I have asked that same question to AISC Solutions and they did not give me a straight answer for how to handle the interaction.  So I use the concept posted in an article from AISC Journal, "Combined Shear and Tension Stress" - by Subhash C. Goel, 3rd Qtr.-1986.

Essentially, the reduction factor applied to the tension "limit state" capacity is  =  (1-R/Rv)^2.
where:    R = actual shear end reaction
Rv = allowable shear capacity for the particular "limit state" considered.

Hope it helps.

JWB

### RE: shear tab with axial load

Yes you can combine shear and axial loads using single plate connections.  The tabulated 13th Ed tables will not apply.  There are several additional considerations.  We design these connections frequently.  This condition will also occur more frequently with the addition of tie forces.

Some considerations:
slots require slip critical bolts
bolt eccentricity
weld design (note this is not simply based on the end reaction)
weak axis bending of the plate
plate buckling
are stability plates necessary
adequacy of supporting member

### RE: shear tab with axial load

connectegr:

Good point about the weld design and slots requiring slip critical bolts.  I am curious, how do you design for the combined tension and shear forces in the shear tab when a connection is subjected to an end shear reaction and a drag axial force?

JWB

### RE: shear tab with axial load

(OP)
would you do a unity equation similar to spec H for combined loads? ASD omega is 1.67 or 2

Pa/Pn/omega + Va/Vn/omega + Ma/Mn/omega < 1.0

moment is from small eccentricty from bolts to face of column....
shear is from beam end rxn
Pa or Ta is from axial load

or would you analyize stresses with state of plane at a point from strength of materials

### RE: shear tab with axial load

Worst case:  No lateral stability (no horizontal bracing or non-composite beam)

Shear Plate
plate stresses - shear, tension, bending strong-axis, bending weak-axis (combined stress interaction)

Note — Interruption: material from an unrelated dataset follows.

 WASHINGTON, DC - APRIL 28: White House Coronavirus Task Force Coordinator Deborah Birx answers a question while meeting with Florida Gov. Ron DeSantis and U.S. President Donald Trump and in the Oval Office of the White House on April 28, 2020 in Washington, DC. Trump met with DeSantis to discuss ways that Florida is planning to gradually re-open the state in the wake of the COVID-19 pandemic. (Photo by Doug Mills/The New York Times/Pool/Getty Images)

net fracture limit states - block shear for shear forces, block shear for tension forces, net capacity of plate for shear, tension, and bending

Beam Web
block shear, beam web tear-out

Bolts
plate/web bearing, bolt eccentricity (vertical and horizontal)

Weld
IMHO - I check the welds for the actual shear and axial forces.  But use at least 5/8 x plate thickness (upto 1/2" plate w = 5/16 max).  For thick plates, design for the plastic moment capacity of the plate (I think this is conservative, but in accordance with AISC's intent)

Disclaimer...
This may not be the complete list of design considerations

### RE: shear tab with axial load

That weak-axis bending is going to result in a very thick plate.  AISC has an example of a shear tab with axial load in the Seismic Design Manual, and it neglects weak-axis bending of the plate.  In their example, there presumably is a diahragm that the beam is attached to, giving this weak-axis moment another path to be restrained.

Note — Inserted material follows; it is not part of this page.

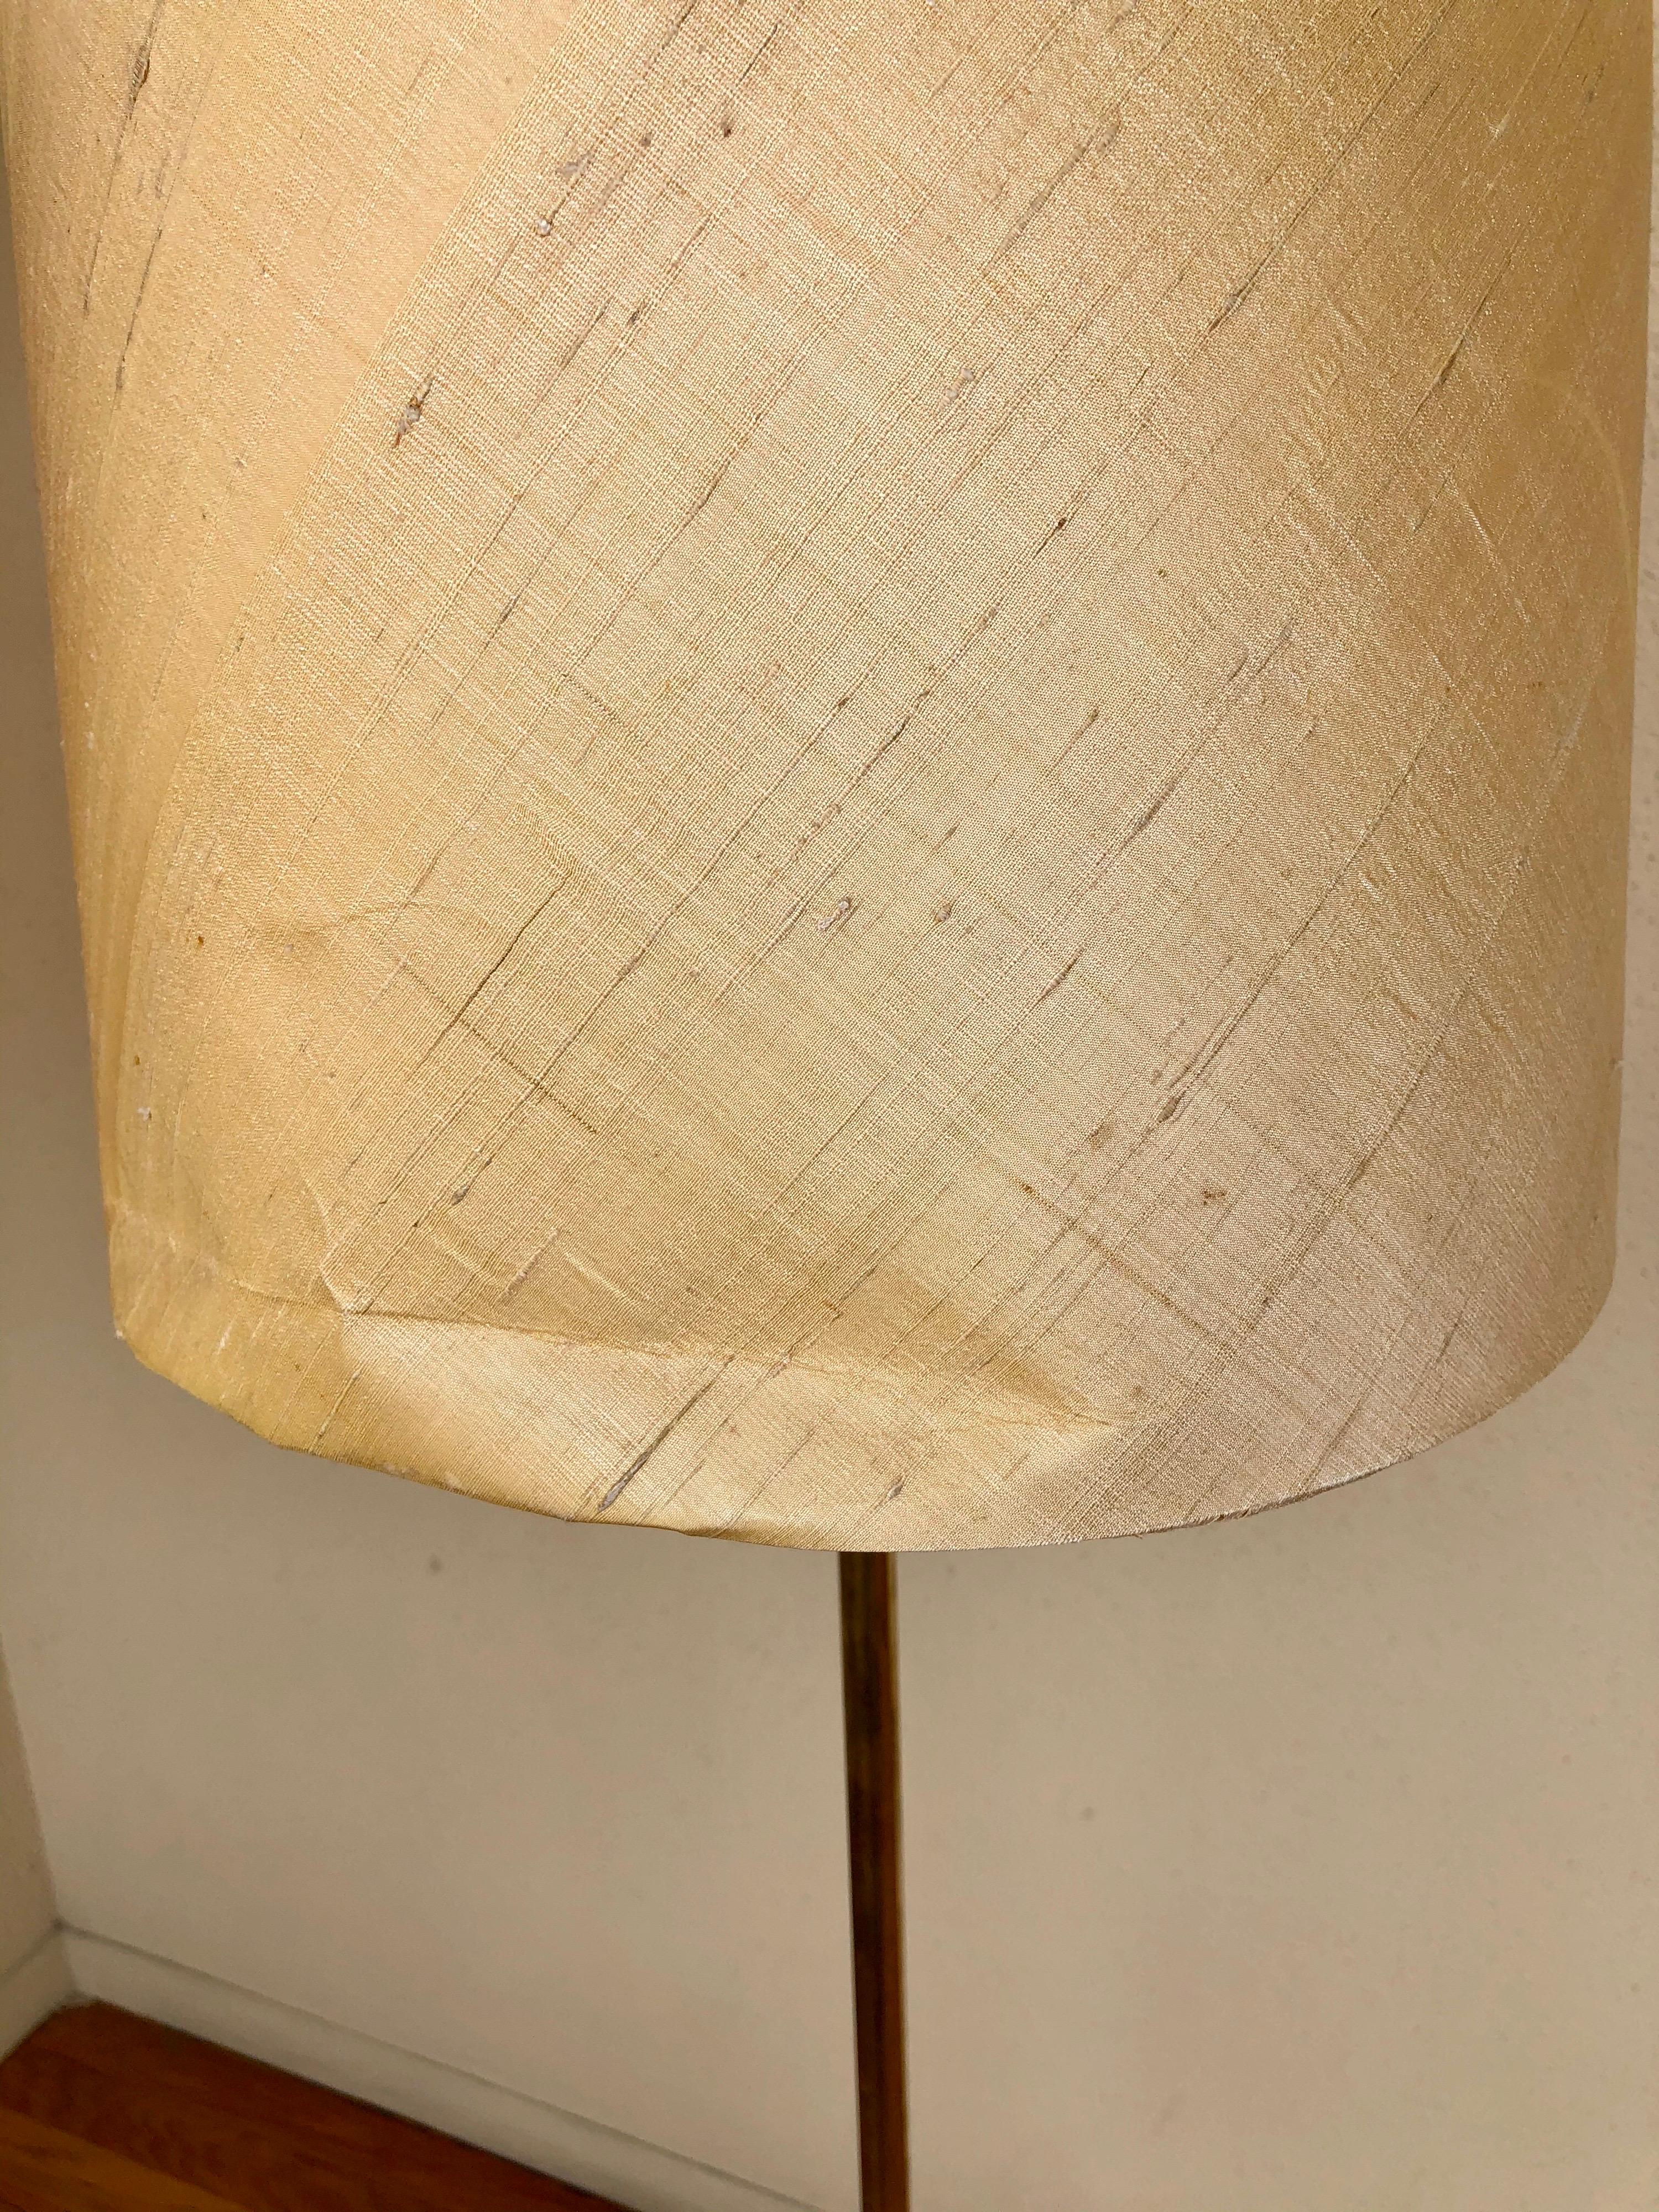 Pair of Hans-Agne Jakobsson Polished Brass Floor Lamps In Good Condition For Sale In San Diego, CA

### RE: shear tab with axial load

Yes, weak axis bending results in thick plates (squaring a fraction).  That is one reason why single plates are not the best choice for axial loaded beams.  But for skewed connections, column web connections between stiffener plates, or heavy framing where drilling thick material is costly single plates can be a solution.

If there is restraint in place, composite beam with studs or horizontal bracing, to resist out of plane movement, then weak axis bending would not apply.

### RE: shear tab with axial load

By Shear Tab do you mean the "Single Plate Connection" as shown on page 10-101 of AISC 13th Edition SCM?

If so it depends if the connection is considered to be "Conventional Configuration" or "Extended Configuration."

If you have the "Conventional Configuration" with "a" less than or equal to 3-1/2" and less than 10 bolts, eccentricity can be ignored on the bolts for the vertical shear.  To include the axial load I would determine the resultant horizontal shear to each bolt taking into account any horizontal eccentricity.

With these two forces (vert. & horiz.) I would find the resultant force in each bolt and check bolt shear, bolt bearing, etc.  Use Slip Critical Bolts if you specify SSL holes.

You could than apply the same priciple to the design of the "shear tab" (plate) and the welds of the plate to the supporting member.

Please see pages 10-101 to 10-104 for additional information and requirements.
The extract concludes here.